=== DESCRIPTION OF THE TASK ===
Output the data verbatim, minus the images.

=== PROVIDED MATERIAL ===
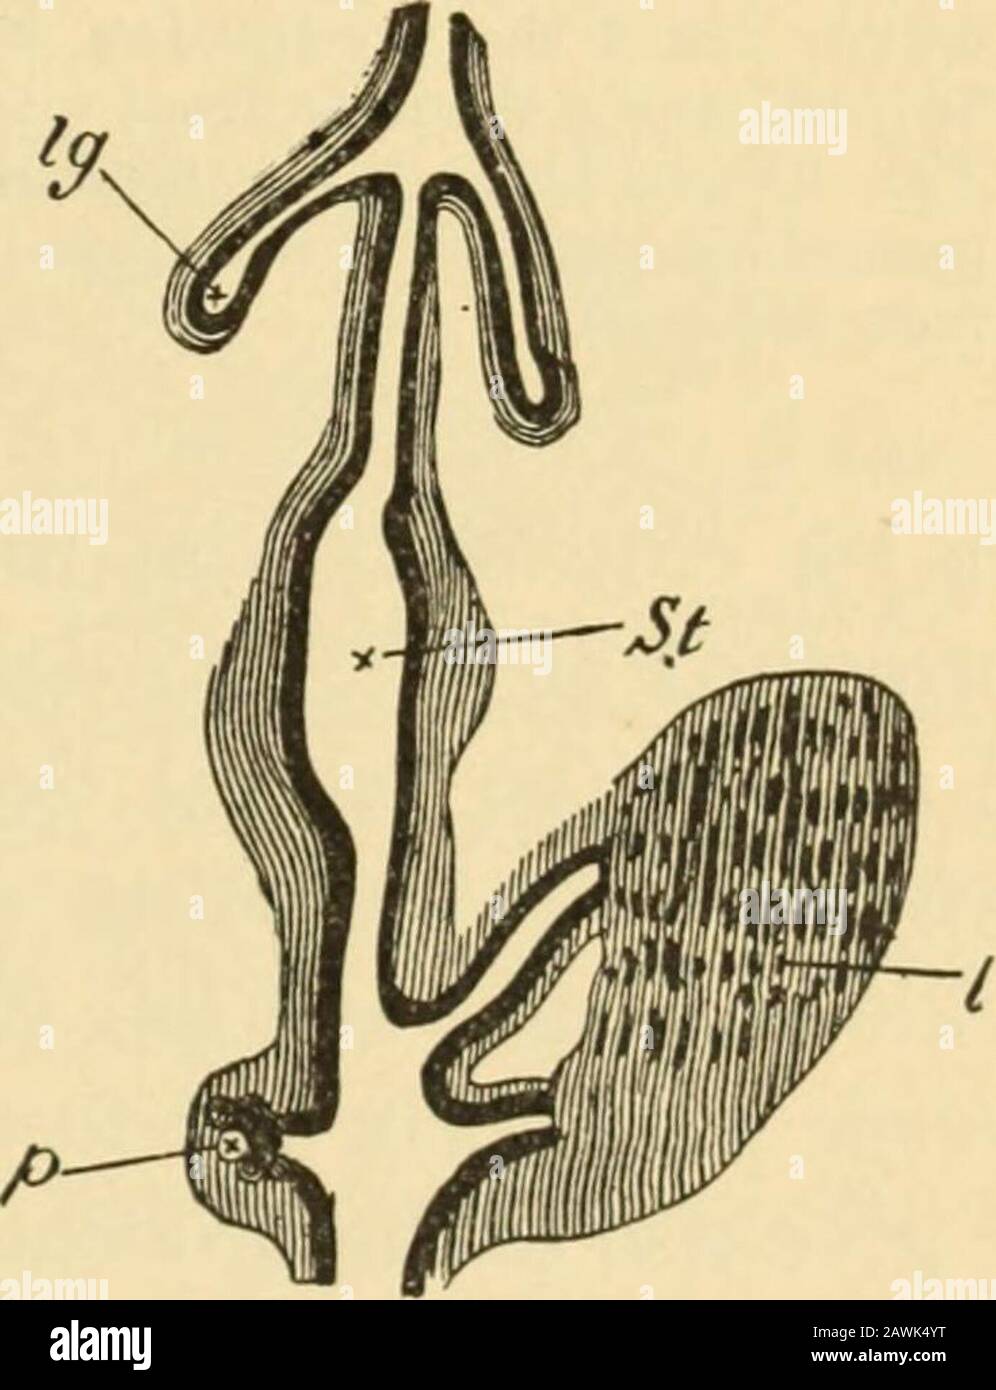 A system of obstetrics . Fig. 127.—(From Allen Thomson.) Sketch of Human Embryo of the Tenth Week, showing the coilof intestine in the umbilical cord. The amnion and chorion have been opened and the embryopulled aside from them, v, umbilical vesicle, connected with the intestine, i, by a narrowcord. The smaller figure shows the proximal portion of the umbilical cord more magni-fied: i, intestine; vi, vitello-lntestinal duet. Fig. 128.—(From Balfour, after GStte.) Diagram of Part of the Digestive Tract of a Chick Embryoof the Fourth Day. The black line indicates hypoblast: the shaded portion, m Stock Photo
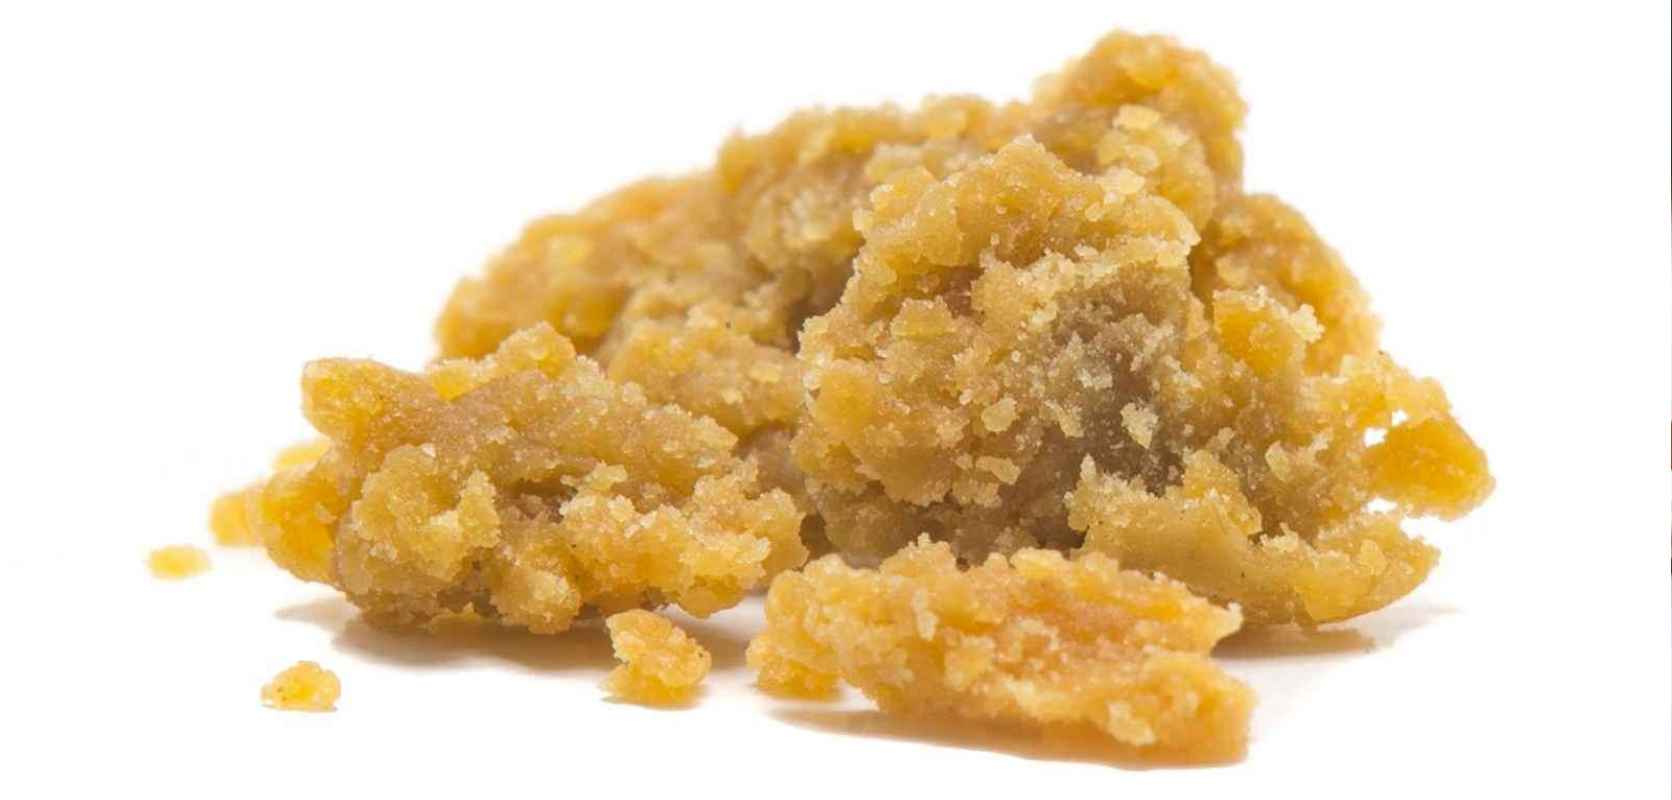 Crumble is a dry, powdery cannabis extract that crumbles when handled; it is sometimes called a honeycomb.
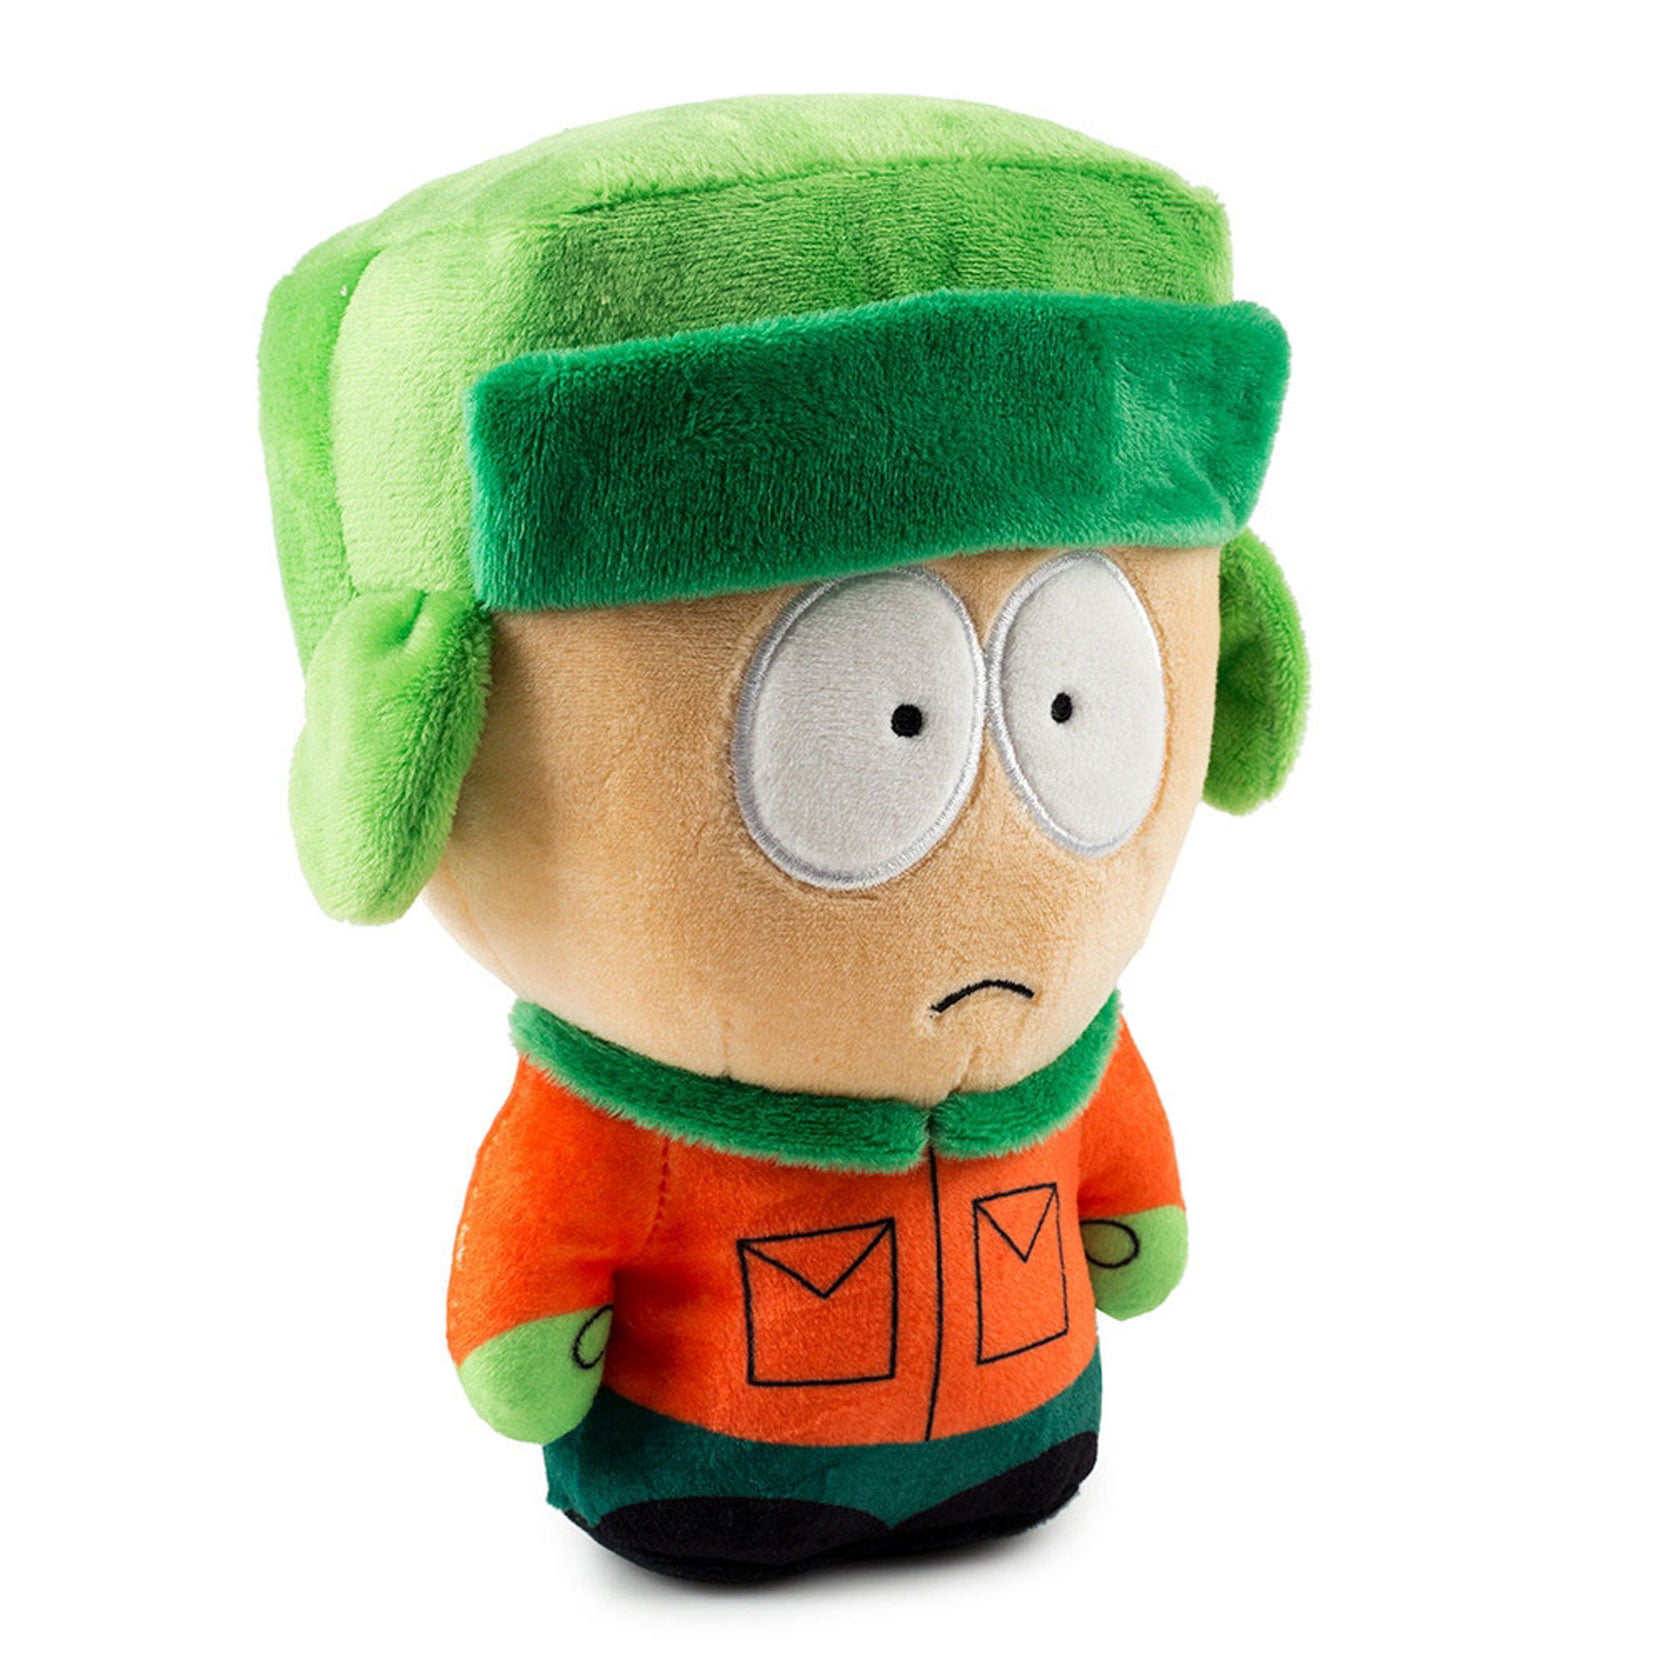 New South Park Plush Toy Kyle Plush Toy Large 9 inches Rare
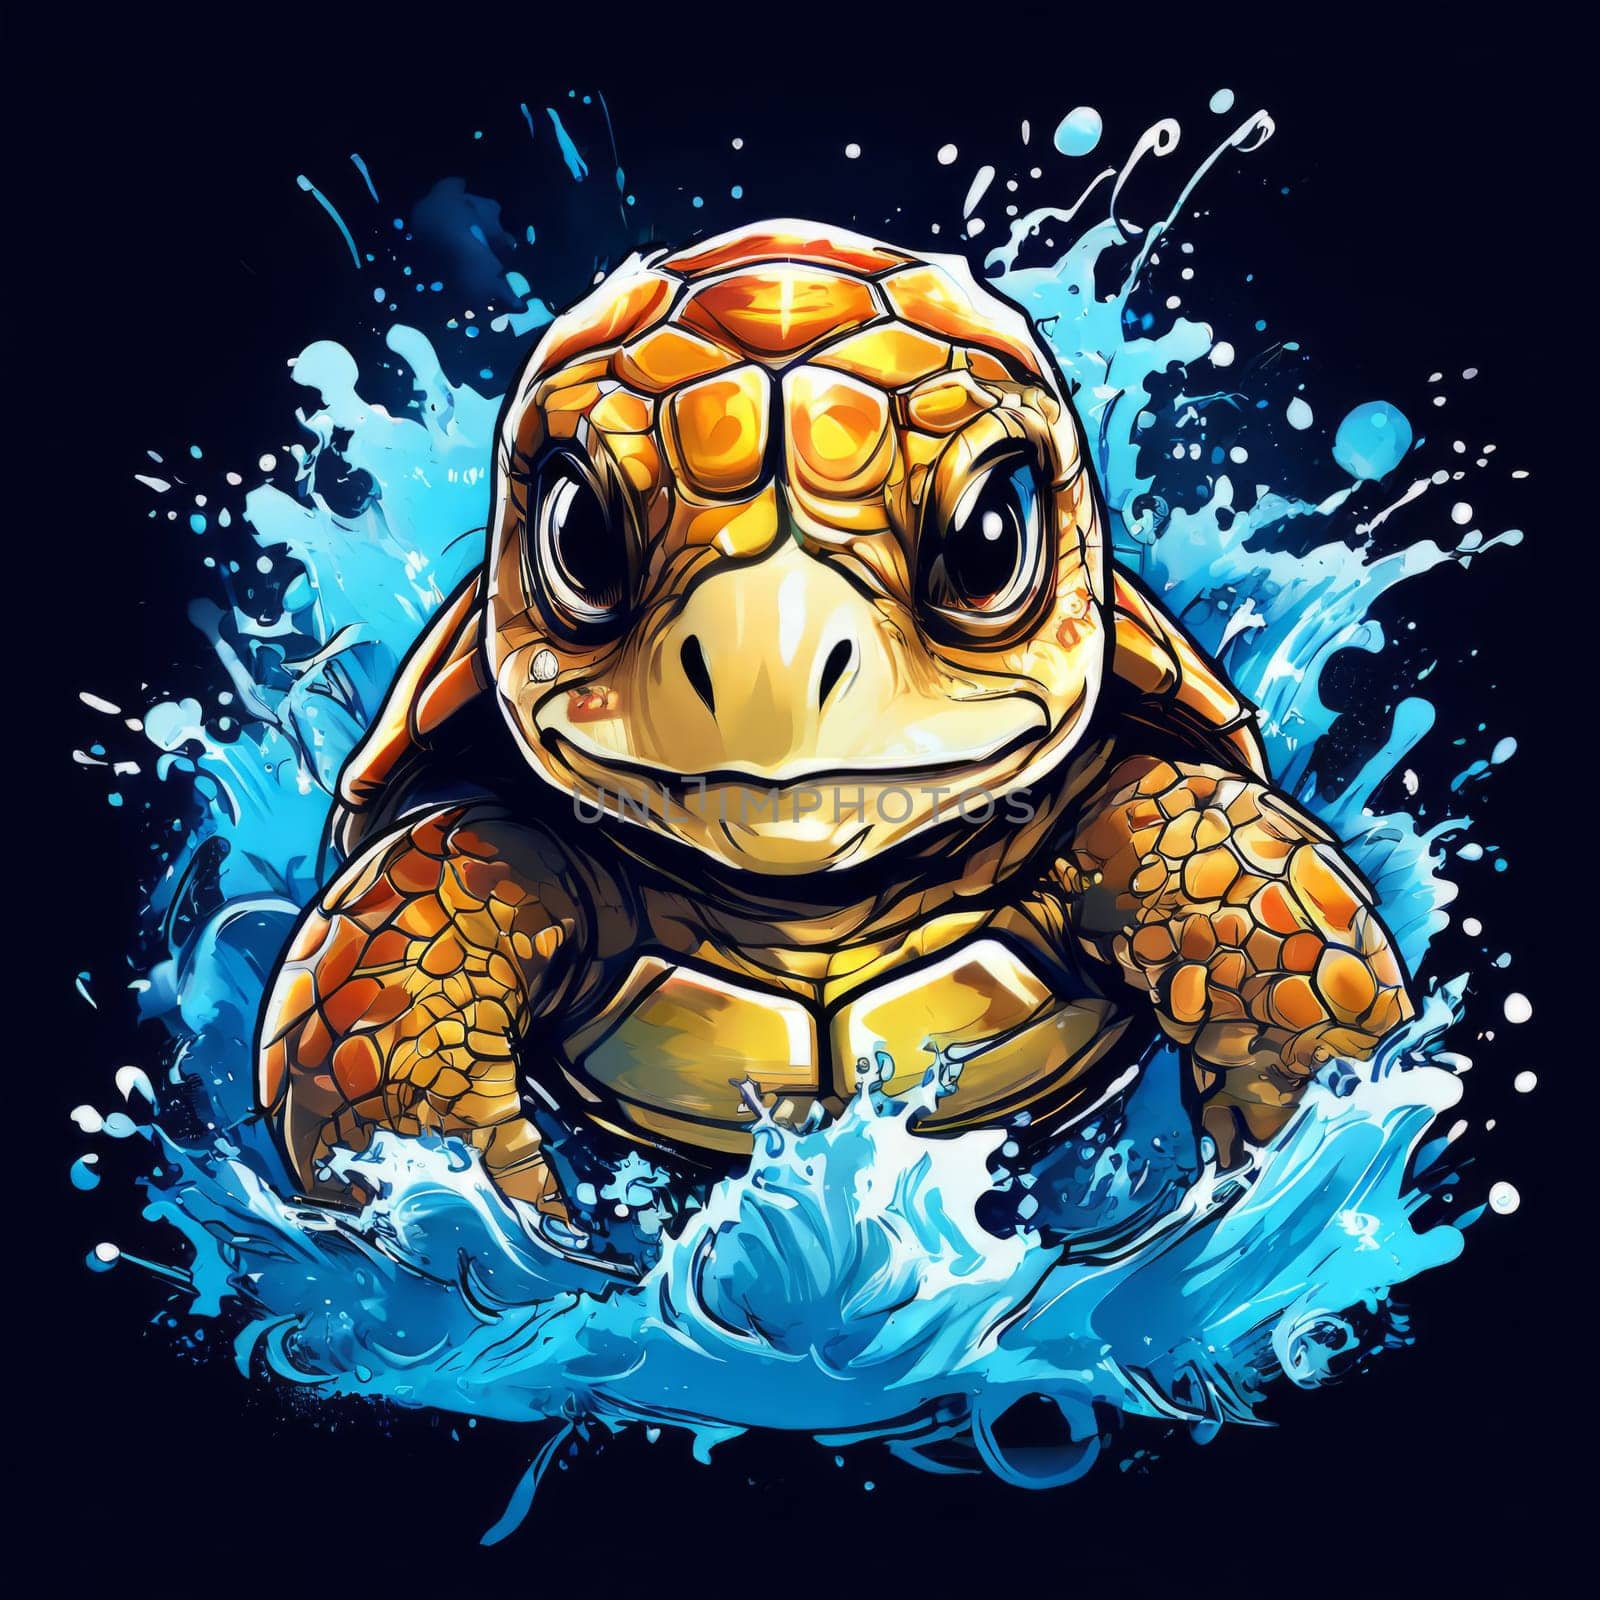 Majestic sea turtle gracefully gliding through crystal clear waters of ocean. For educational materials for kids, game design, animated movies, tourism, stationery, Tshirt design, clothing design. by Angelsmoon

=== EXERCISE RESPONSE ===
 A system of obstetrics . Fig. 127.—(From Allen Thomson.) Sketch of Human Embryo of the Tenth Week, showing the coilof intestine in the umbilical cord. The amnion and chorion have been opened and the embryopulled aside from them, v, umbilical vesicle, connected with the intestine, i, by a narrowcord. The smaller figure shows the proximal portion of the umbilical cord more magni-fied: i, intestine; vi, vitello-lntestinal duet. Fig. 128.—(From Balfour, after GStte.) Diagram of Part of the Digestive Tract of a Chick Embryoof the Fourth Day. The black line indicates hypoblast: the shaded portion, m Stock Photo
 Crumble is a dry, powdery cannabis extract that crumbles when handled; it is sometimes called a honeycomb.
 New South Park Plush Toy Kyle Plush Toy Large 9 inches Rare
 Majestic sea turtle gracefully gliding through crystal clear waters of ocean. For educational materials for kids, game design, animated movies, tourism, stationery, Tshirt design, clothing design. by Angelsmoon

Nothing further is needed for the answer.